Op 8 december 2016 is er op de rekening van [naam 3] € 25.750,-- overgeschreven door [slachtoffer 2] . Vanaf de rekening van [naam 3] is binnen 24 uur na overmaking van dit bedrag nagenoeg het gehele bedrag ( € 25.600,--) afgeboekt. Bedragen van € 5000,-- en
€ 12.100,-- zijn overgemaakt naar het rekeningnummer van verdachte. Een bedrag van € 4000,-- is betaald bij [bedrijf 6] te Almelo.
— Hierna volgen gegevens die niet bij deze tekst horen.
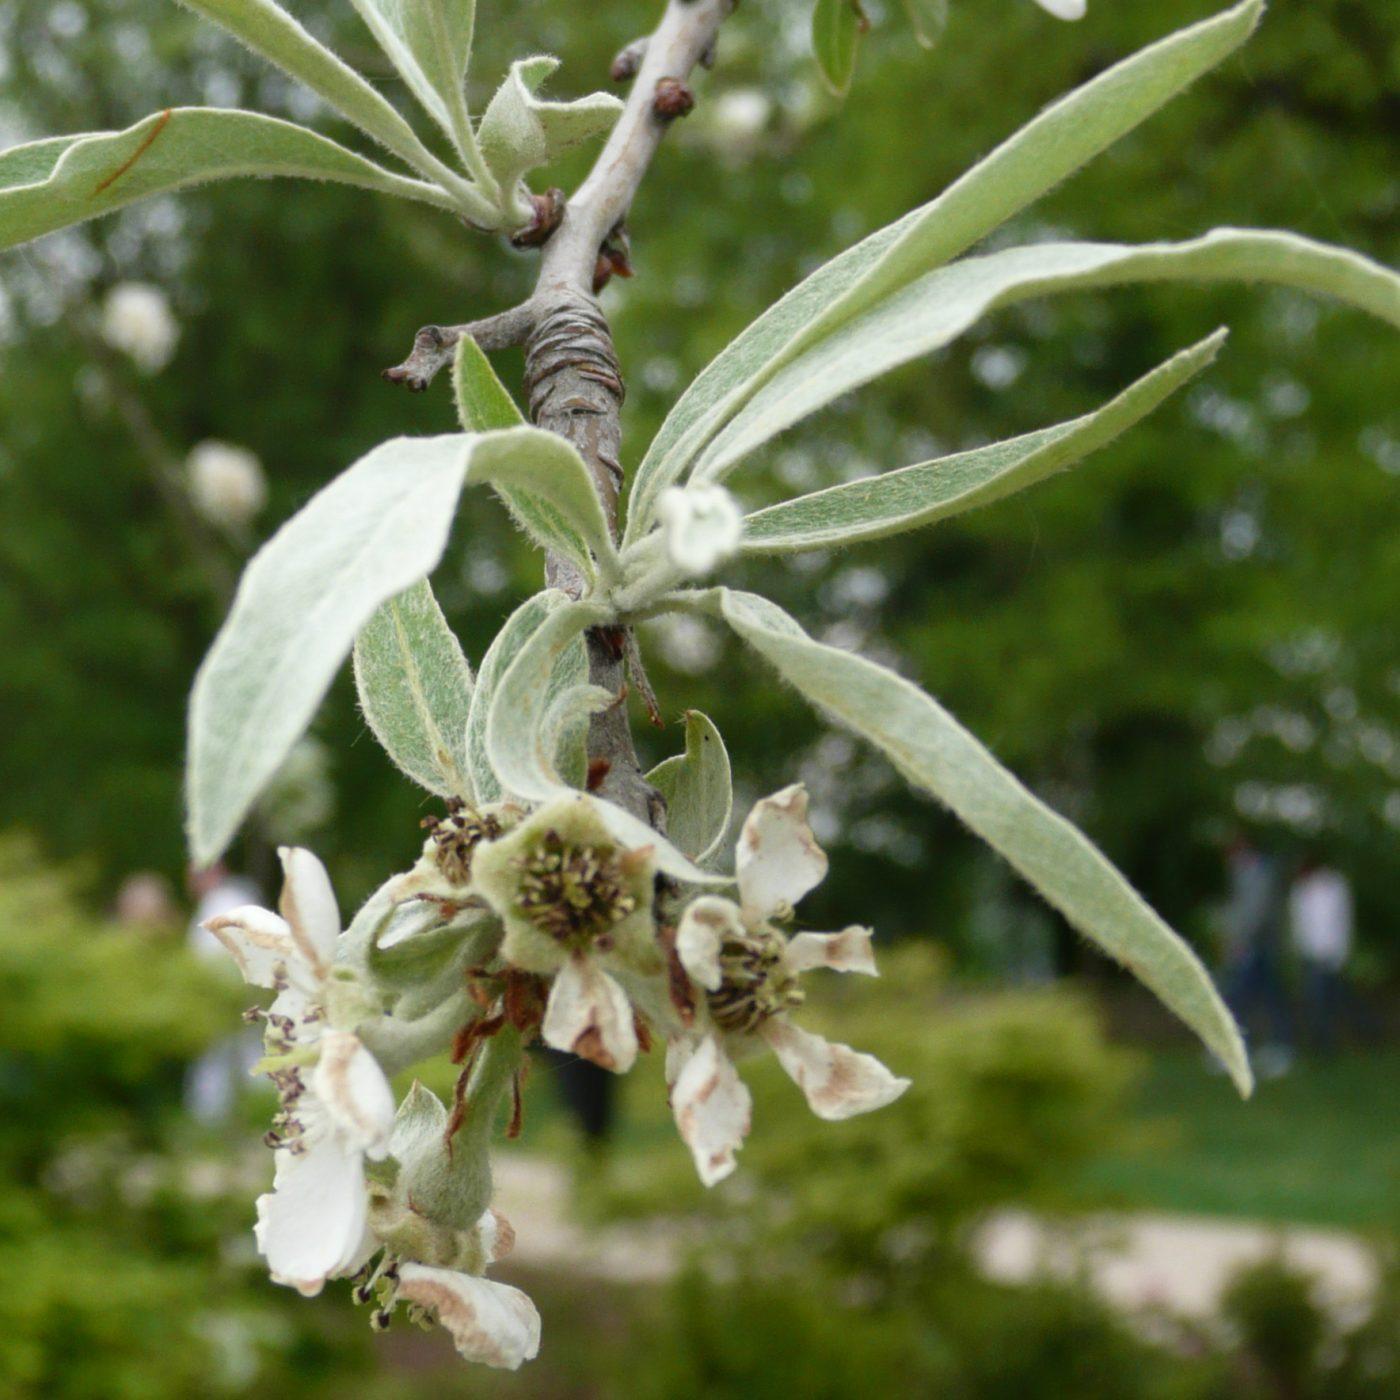 Weiße Blüten und silbriges feines Laub der Weidenblättrigen Birne, Pyrus salicifolia.
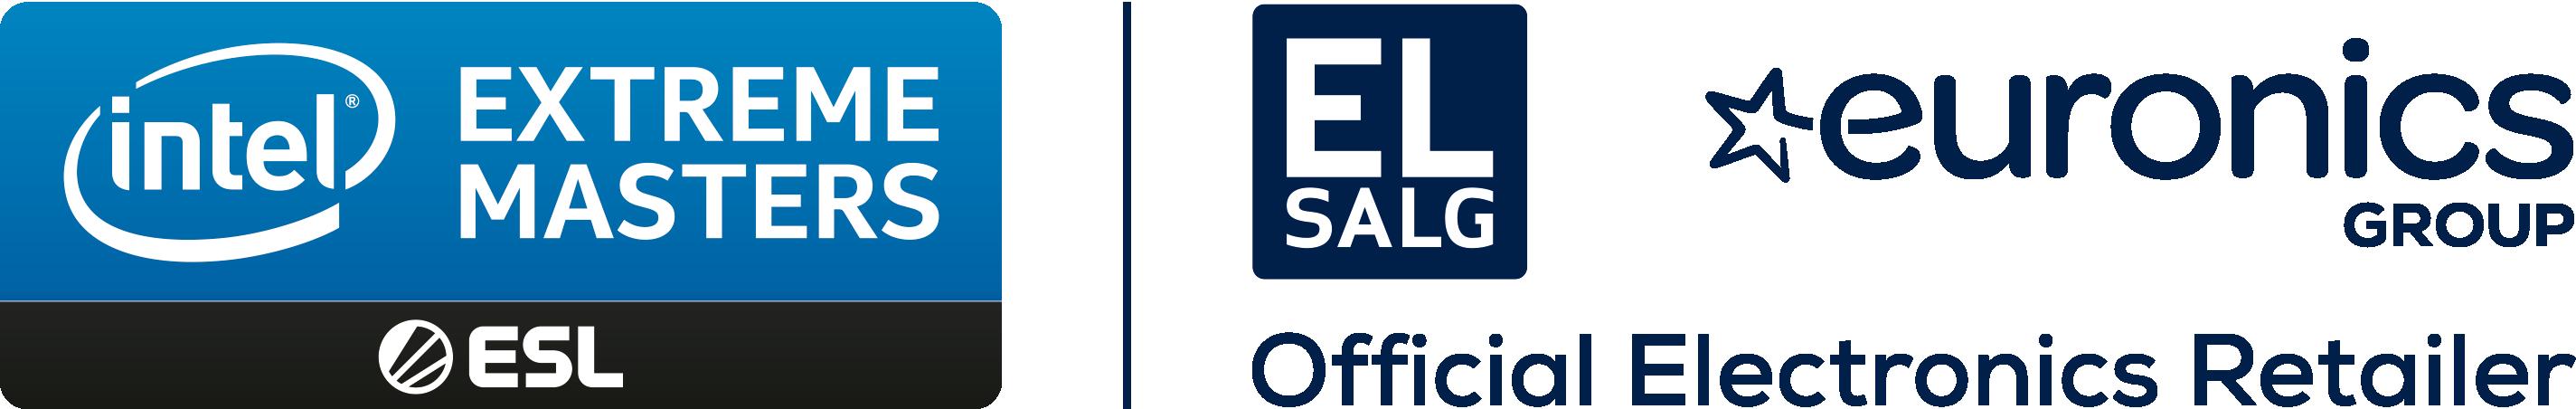 ESL Intel Extreme Masters Katowice 2020 med EL-Salg og Euronics Group

Uit een bijlage van het proces-verbaal van vordering verstrekking gebruikersgegevens blijkt dat vanaf het IP-adres van verdachtes woning op 8 en 9 december 2016 32 keer is ingelogd op de rekening van [naam 3] .
Alternatief scenario
Het door de verdediging geschetste alternatieve scenario dat verdachte – kort gezegd – meerdere auto’s heeft verkocht aan niet nader genoemde ‘jongens’ en aan [naam 3] en dat verdachte dacht dat de hiervoor genoemde geldbedragen die op zijn rekening werden gestort, betalingen voor deze auto’s door die jongens betroffen, schuift de rechtbank als ongeloofwaardig terzijde. Dit alternatieve scenario is op geen enkel punt nader onderbouwd en wordt evenmin ondersteund door enige verklaring of andere bewijsmiddelen in het dossier.
Tegen dit geschetste scenario pleit bovendien het feit dat verdachte, direct nadat de betalingen op zijn rekening werden bijgeschreven, deze bedragen deels contant opnam en deels via pinbetalingen uitgaf. De verdachte heeft niet kunnen verklaren waarom de gestorte bedragen door de aangevers aan hem zijn overgemaakt en niet door de door hem gestelde onbekend gebleven kopers van niet nader genoemde auto’s. Evenmin kan verdachte niet verklaren hoe het kan dat zo vaak vanaf zijn IP-adres is ingelogd op de bankrekening van [naam 3] rond het moment van overboeking door [slachtoffer 2] naar die rekening. De rechtbank ziet daarnaast geen aanleiding om te twijfelen aan de juistheid van de verklaringen van aangevers en de verklaring van de op zitting gehoorde getuige [naam 3] .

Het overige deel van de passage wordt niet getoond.